(WHAT THIS TASK INVOLVES): Extract each line of the material that follows exactly and omit its pictures.

*** Opening of GIVEN MATERIAL ***

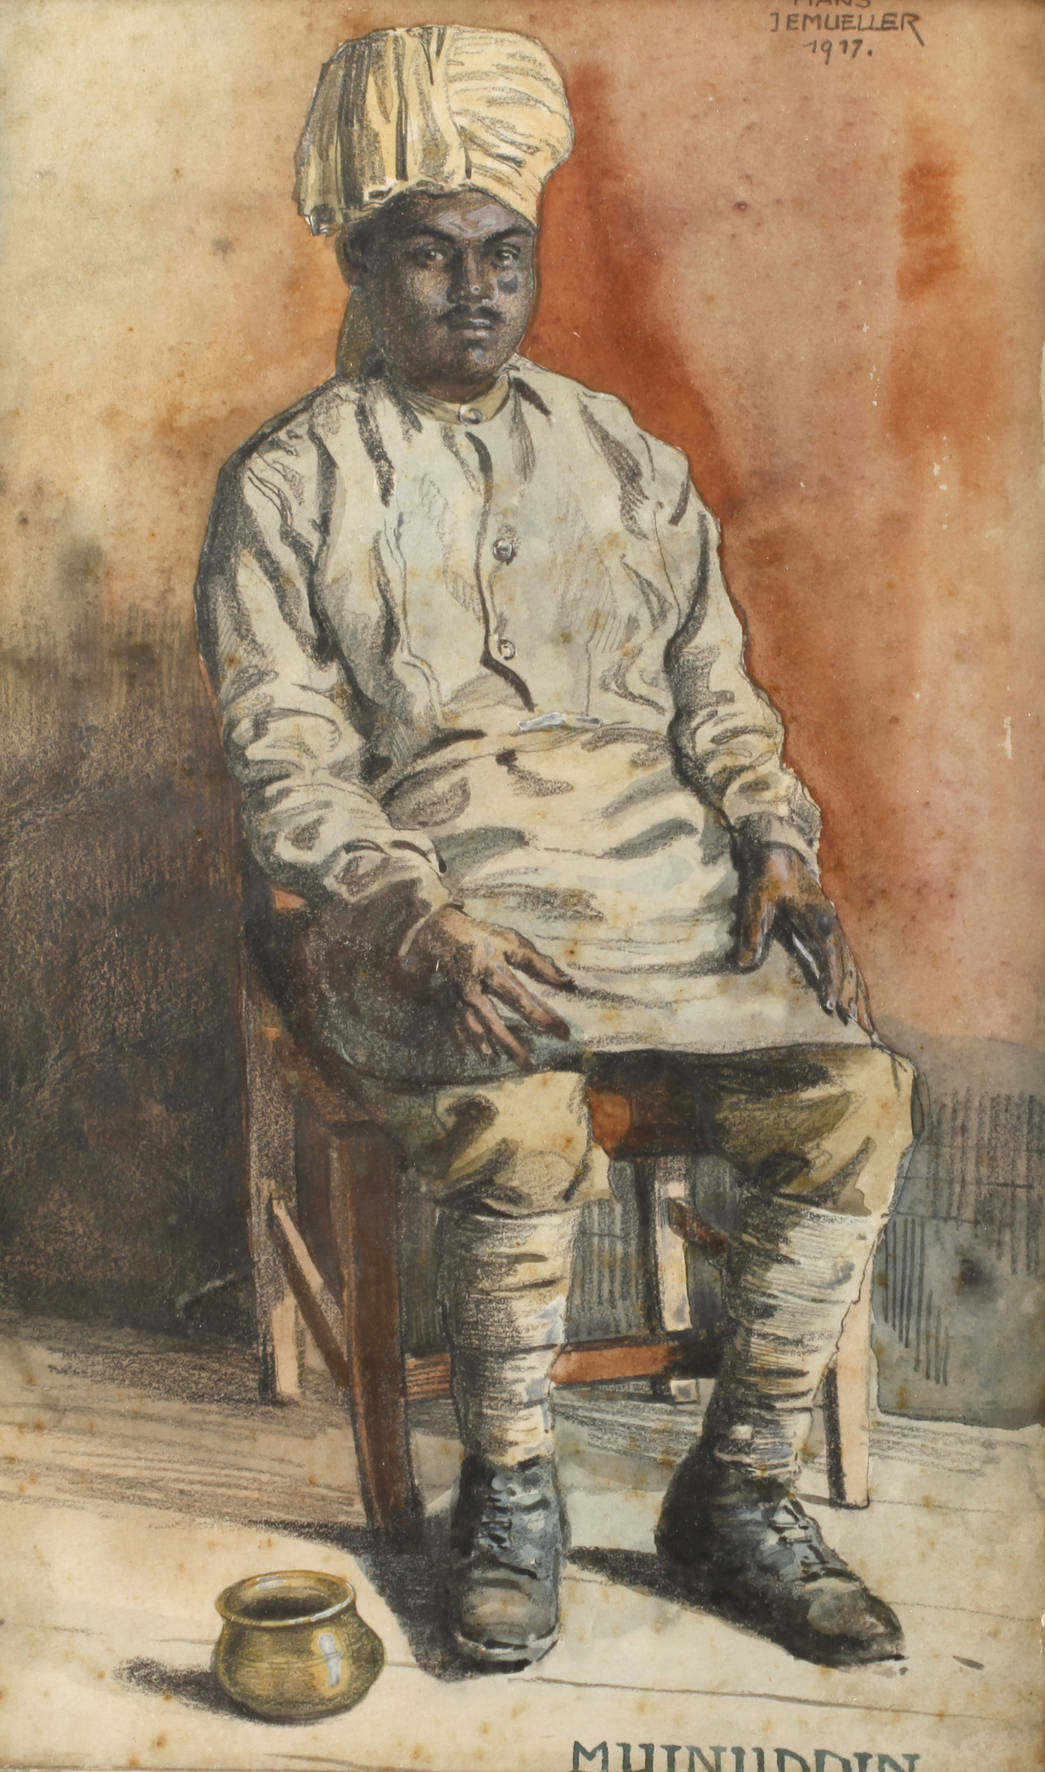 Hans Jemüller, Orientalenportrait
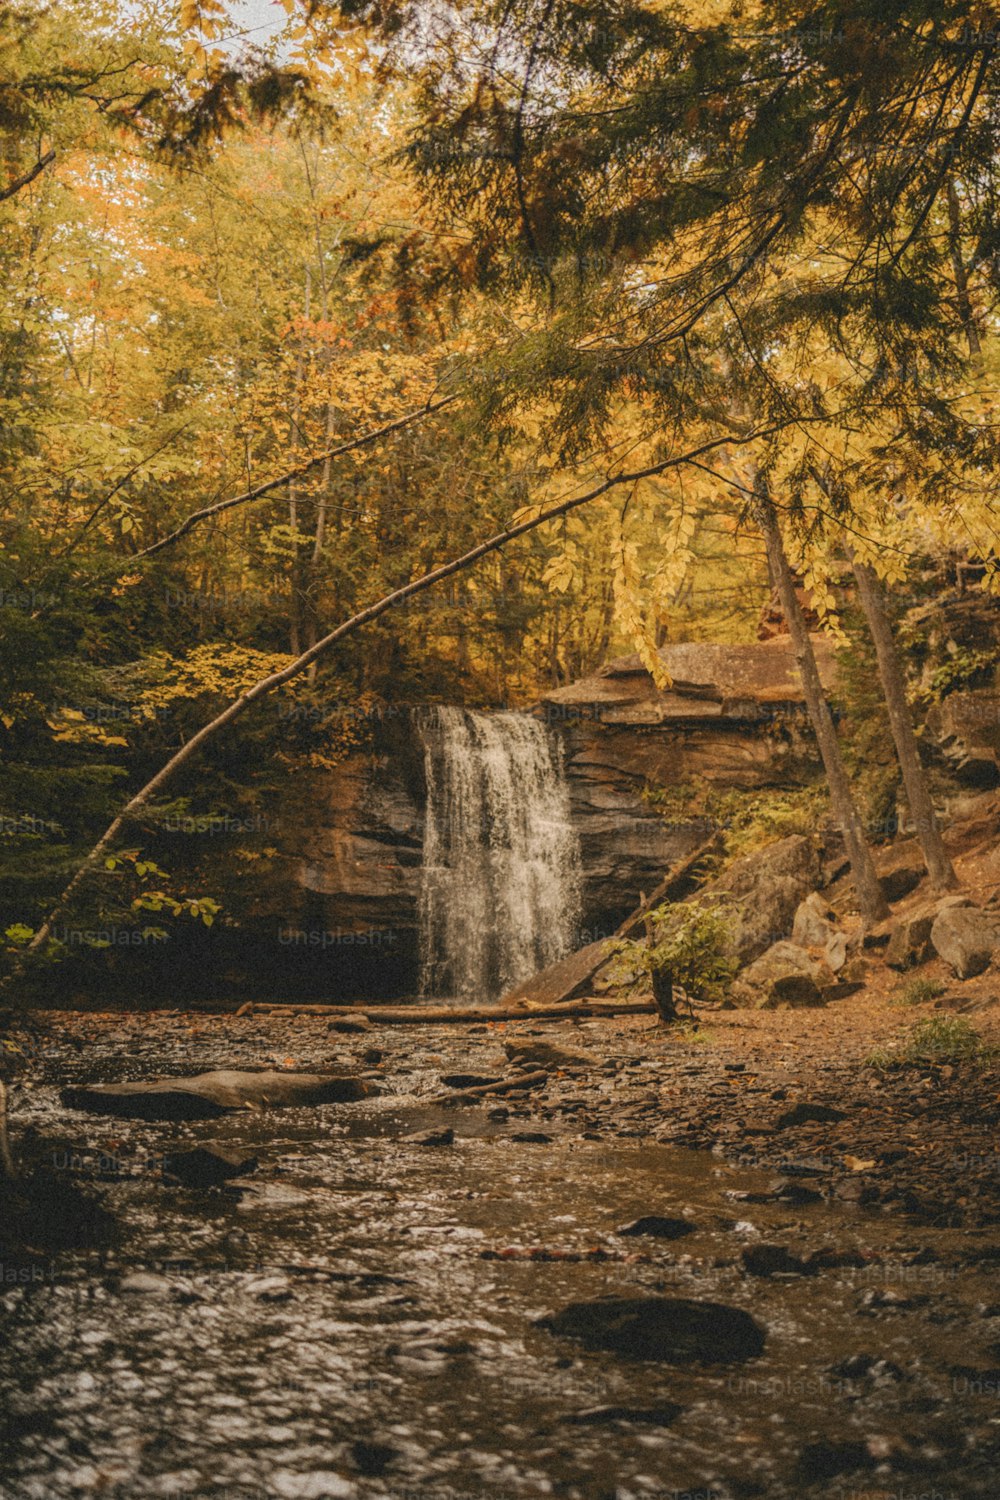 Ein Wasserfall im Wald mit einem Mann, der daneben steht
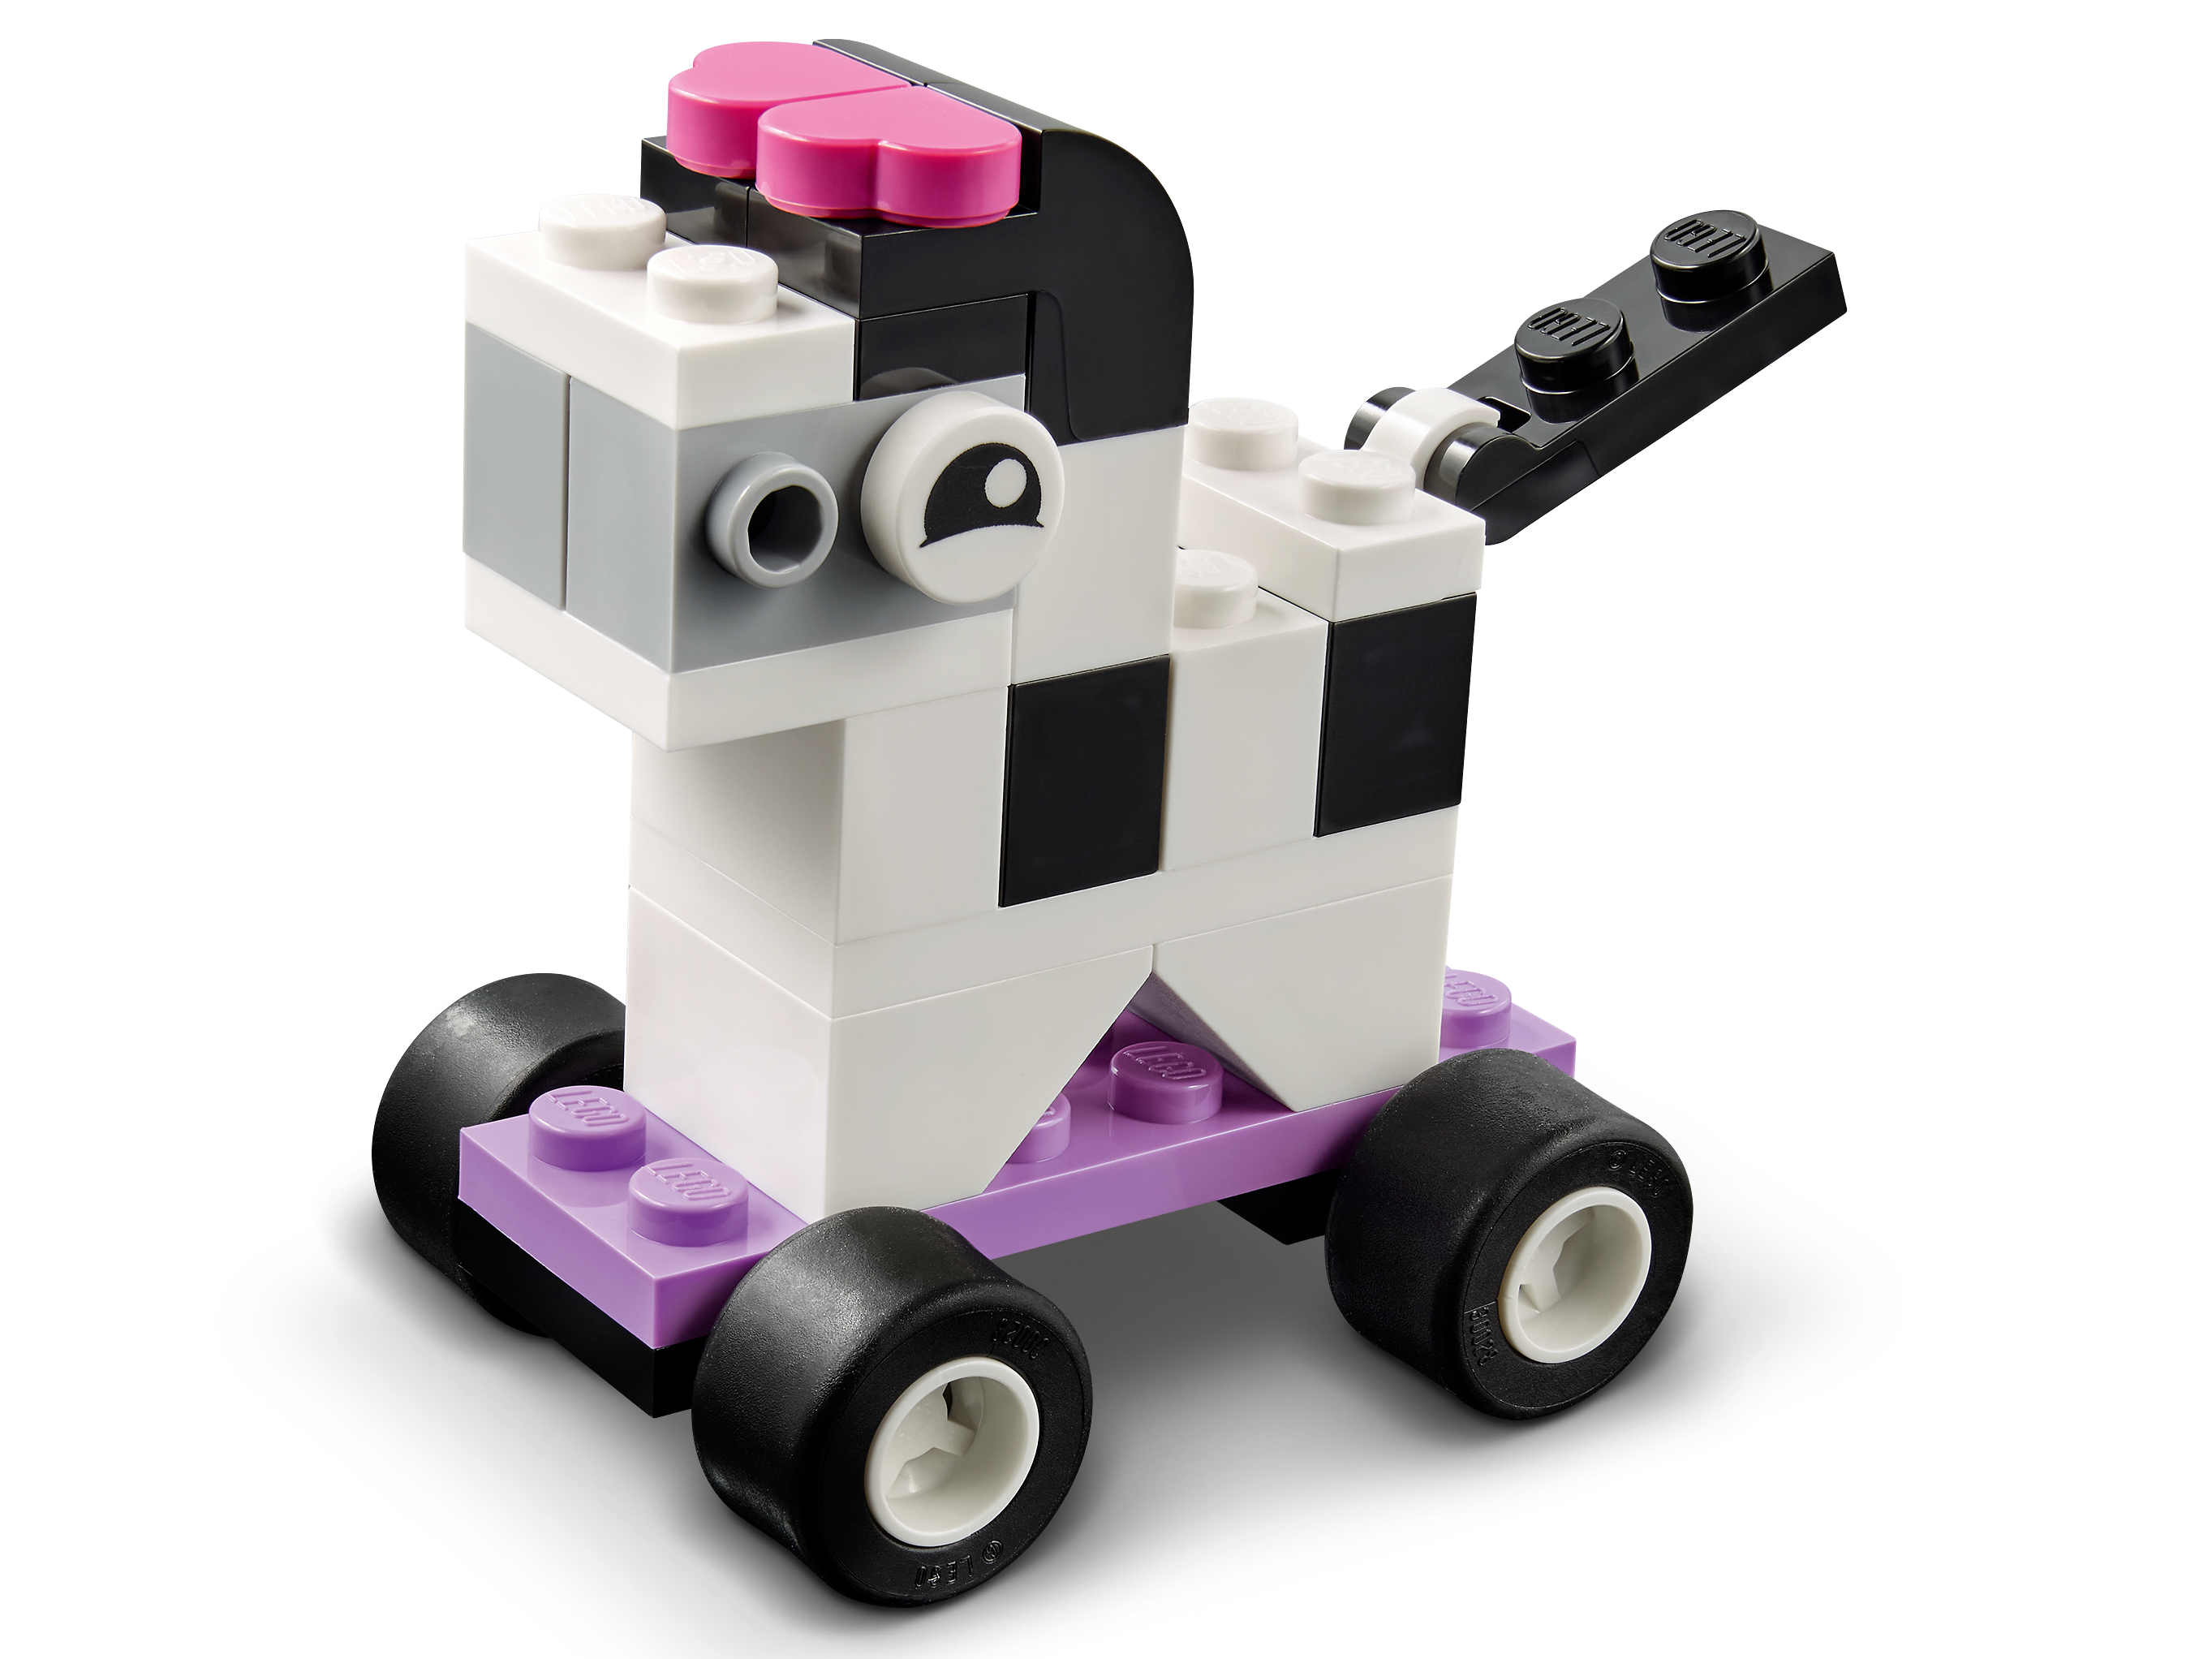 Lego 11014 classic briques et roues premier jeu de construction avec  voiture train bus robot pour enfant de 4 ans et + - La Poste

*** Close of GIVEN MATERIAL ***

(RESULT FOR THIS TASK):
 Hans Jemüller, Orientalenportrait
 Ein Wasserfall im Wald mit einem Mann, der daneben steht
 Lego 11014 classic briques et roues premier jeu de construction avec  voiture train bus robot pour enfant de 4 ans et + - La Poste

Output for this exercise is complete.